Brief - In the entries below, which lines run from the one containing "41f5457683468a NIK NIK" to the one containing "Architecture Petra, Jordan"? Copy exactly those lines, ends included, and no others.

Data extract -
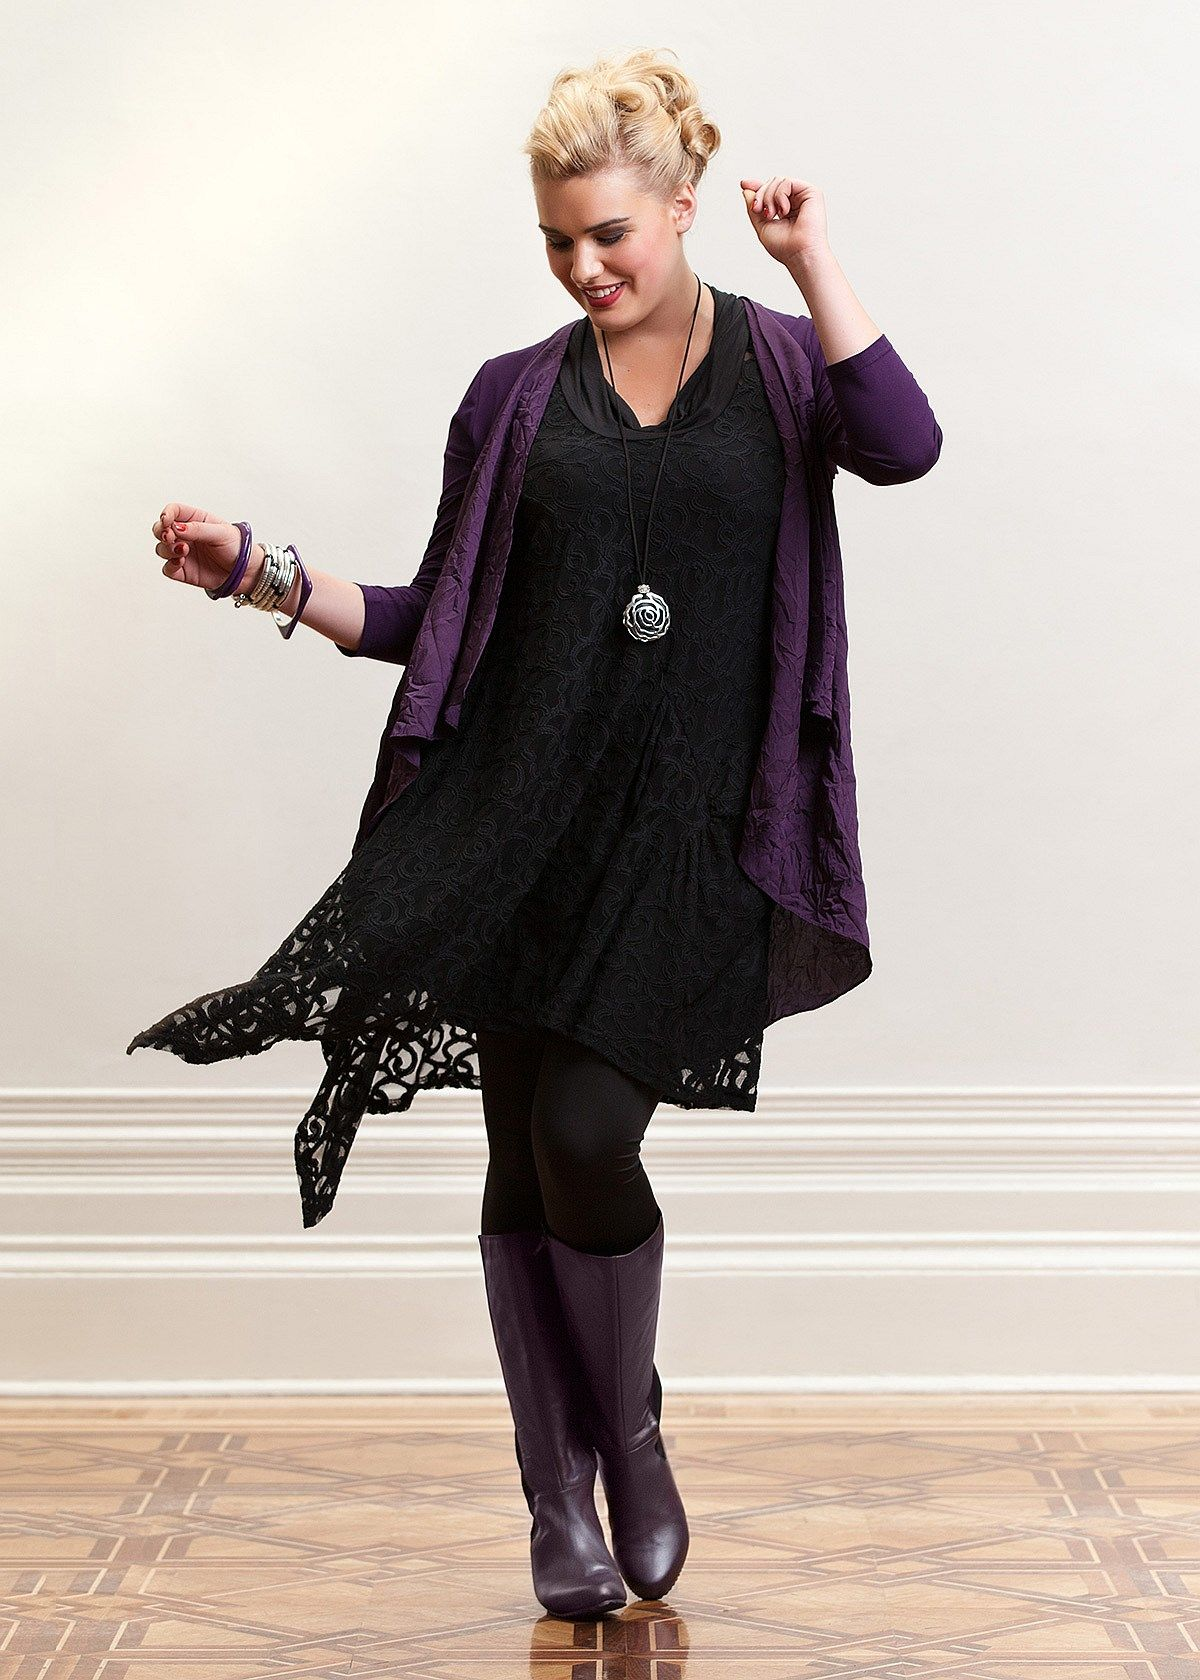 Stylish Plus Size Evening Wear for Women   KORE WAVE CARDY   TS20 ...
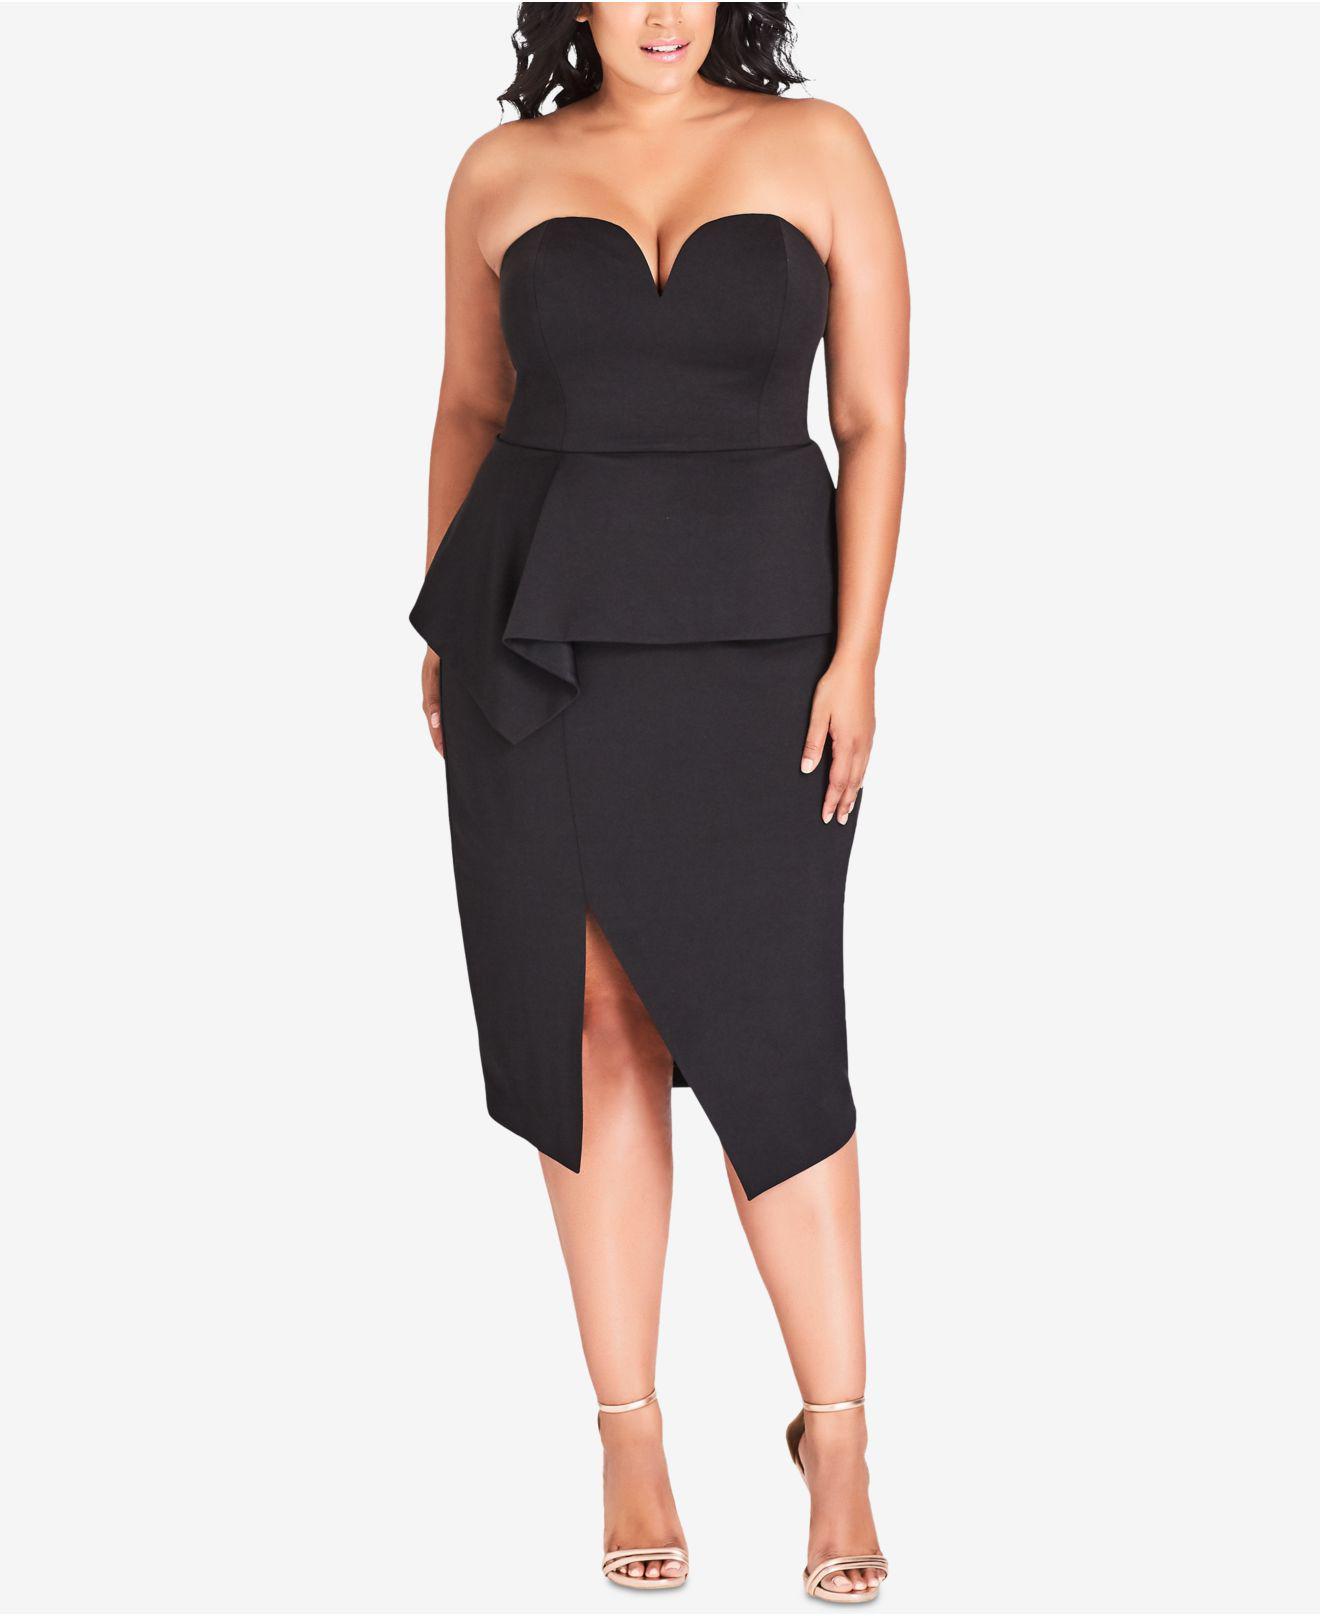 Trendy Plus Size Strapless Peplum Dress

...

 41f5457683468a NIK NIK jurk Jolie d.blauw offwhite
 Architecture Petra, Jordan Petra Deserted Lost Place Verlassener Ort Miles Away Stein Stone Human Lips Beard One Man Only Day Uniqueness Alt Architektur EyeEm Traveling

Answer section -
 41f5457683468a NIK NIK jurk Jolie d.blauw offwhite
 Architecture Petra, Jordan Petra Deserted Lost Place Verlassener Ort Miles Away Stein Stone Human Lips Beard One Man Only Day Uniqueness Alt Architektur EyeEm Traveling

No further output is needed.